- Battle of Adrianople: Part of the Russo-Turkish Wars
| Date | 8 August 1829 |
| Location | Edirne (Adrianople), Turkey41°40′38″N 26°33′20″E﻿ / ﻿41.6771°N 26.55544°E |
| Result | Russian victory |
| Territorial changes | Treaty of Adrianople |

Belligerents
- Russian Empire: Ottoman Empire

Commanders and leaders
- Hans Karl von Diebitsch: Reşid Mehmed Pasha

= Battle of Adrianople (1829) =

The Battle of Adrianople was one of the final battles of the Russo-Turkish War of 1828-1829 and resulted in the Treaty of Adrianople (1829), which ended that conflict.

==Background==

Russian interest with regard to the Ottoman Empire centered on the Balkan Peninsula region and the Dardanelles in particular. Ottoman control of this strait left the potential, despite past treaties, to cut off a significant portion of Russian trade and access to the Mediterranean Sea. A weakened Ottoman military in the wake of Sultan Mahmud II's reformation of the armed forces and the recent destruction of their navy during the Greek War of Independence gave the Russian military the opportunity to seize control of the strait, as well as some additional territory. There is also reason to believe that Tsar Nicholas I desired to further reduce the resurgent Ottoman army.

The Balkans were the main focus of Russian attention at this time, but there was a significant interest in the Caucasus as well. Russian aspirations there centered on the creation of a better or more defensible military border with the Ottoman Empire. Though this was not the main objective of this war, the opportunity provided by a weakened Ottoman position in Europe allowed Russian forces the chance to make these goals a reality.

==Prelude==
The Russian invasion of Ottoman territory in the Balkans was stalled at the end of 1828 by the fortress of Shumla in modern Bulgaria and other similar garrisons. Some of these forces, however, had been pulled up from the Balkan mountains, leaving the path south open to further Russian incursion. Diebitsch decided to bypass the forts after leaving small forces behind to contain the garrisons. This allowed him to approach Adrianople uncontested, but the journey through the mountains was hard on his army, and they were not in the condition to besiege the city. Rather than show weakness to the enemy, Diebitsch pushed his soldiers onward, hoping to bluff the defenders into believing a fresh Russian army had appeared on their doorstep.

==Battle==
In this case, the label "battle" is misleading as no actual combat took place. The Turkish defenders, surprised and frightened by the appearance of the Russian army at their gates, surrendered without a fight. The Russian bluff paid off and resulted in their occupation of the European capital of the Ottoman Empire.

It is possible that there was a reason beyond fear that prompted the bloodless surrender of one of the Ottoman's most important European cities. Many members of the Adrianople garrison were former Janissaries who deserted almost immediately after the Russian forces' appearance. A number of these men were later arrested and killed for planning to instigate an uprising in Constantinople against the Sultan.

==Aftermath==

Though the Sultan desired to continue the war, his advisors convinced him to opt for peace following the loss of Adrianople.
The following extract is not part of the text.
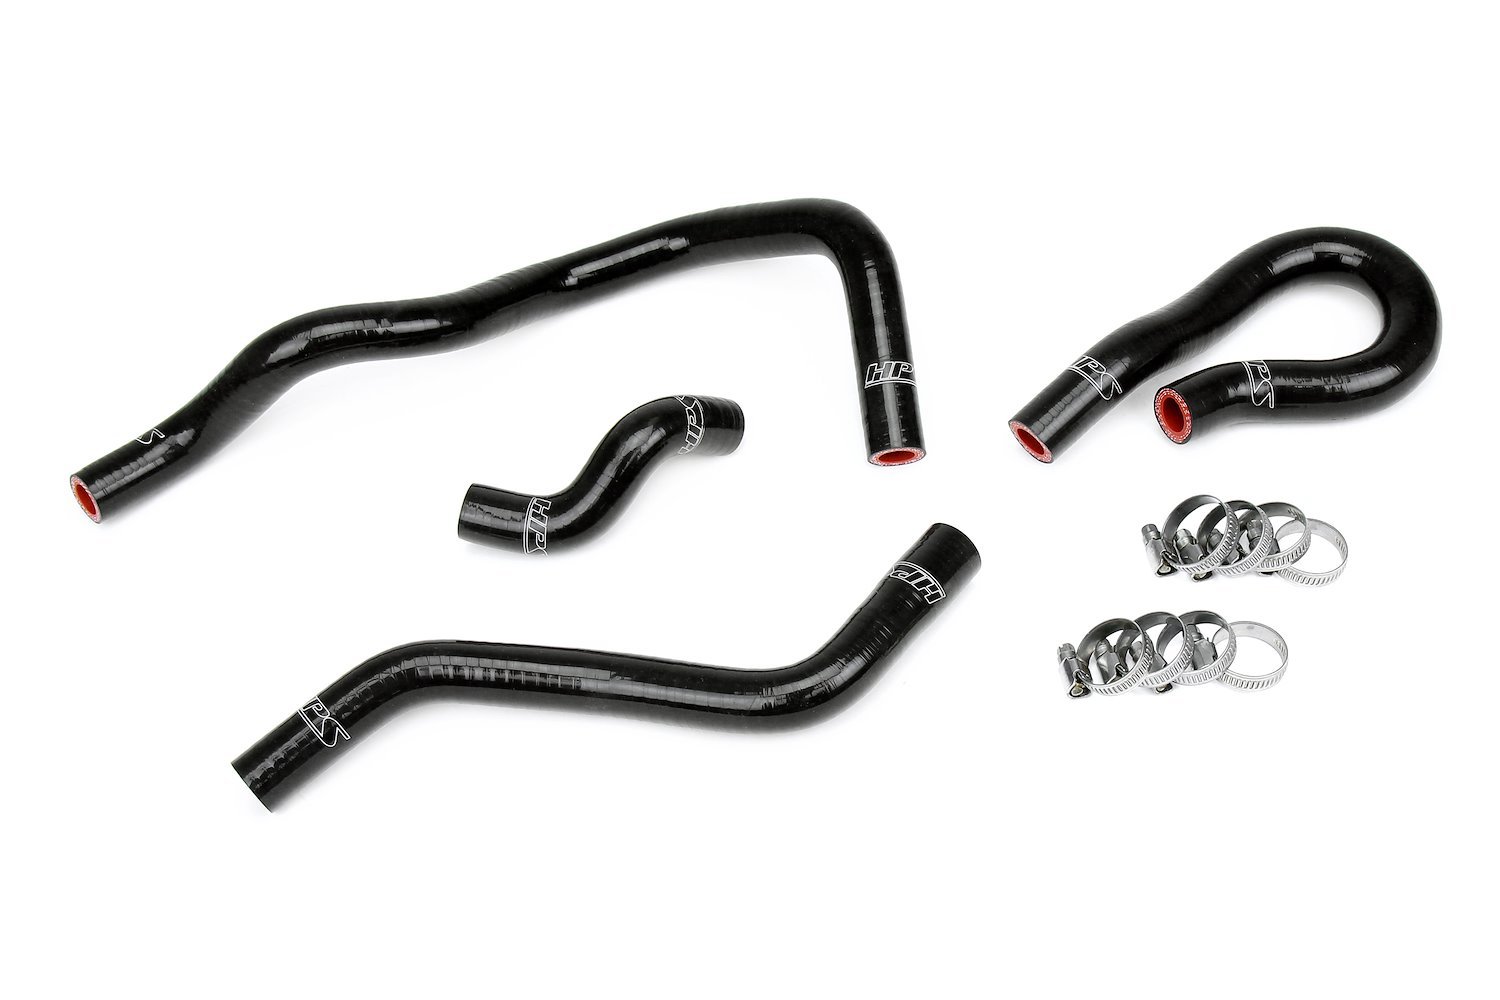 57-1773-BLK Heater Hose Kit, 3-Ply Reinforced Silicone, Replaces Rubber Heater Coolant & Water Bypass Hoses

Turkish envoys arrived in the city on August 17 to begin working on the peace treaty, which was finalized and signed on September 2.

The treaty affected Russian and Ottoman territorial holdings in both Europe and the Caucasus. Though there were no large border shifts, the implications for a number of the affected areas were substantial. In the Caucasus, Russia gained a handful of strong points and a small port. All other territory gained there was returned to the Ottomans. The more significant changes took place in the Balkans region with far-reaching implications for some provinces, especially Moldavia and Wallachia, though most of the land conquered by the Russian army, including Adrianople itself, was returned to Ottoman sovereignty. These two regions had previously been governed by the Ottomans with very little in the way of autonomy. After the Treaty of Adrianople, they had some ability to govern themselves and were even considered Russian protectorates despite being nominally labeled Ottoman territory. Serbia was likewise granted more autonomy and more or less freed of Ottoman governance. Additionally, the Balkan forts that had once acted as a first line of defense for the Ottomans along the Danube River were razed, further liberating these areas of Ottoman influence.

Russian access to the Dardanelles was also changed significantly. Their commercial ships were now to be granted unlimited access, as would the ships from any other nation trading with Russia. This gave Russia much more of an assurance that their commercial access to the Mediterranean would continue and effectively opened them to trade with all other nations.

As a result of the Battle of Adrianople the Ottoman Empire lost control of large portions of its European holdings in all but name, gave up territory in the Caucasus, and lost ability to use the Dardanelles as a bargaining chip. Russia gained influence in the Balkans and assured their ships' access to trade.

===Post-treaty fighting===
Some Caucasus commanders were not informed of the treaty until several days later due to slow communications, which led to several small skirmishes in the region after the official end of hostilities.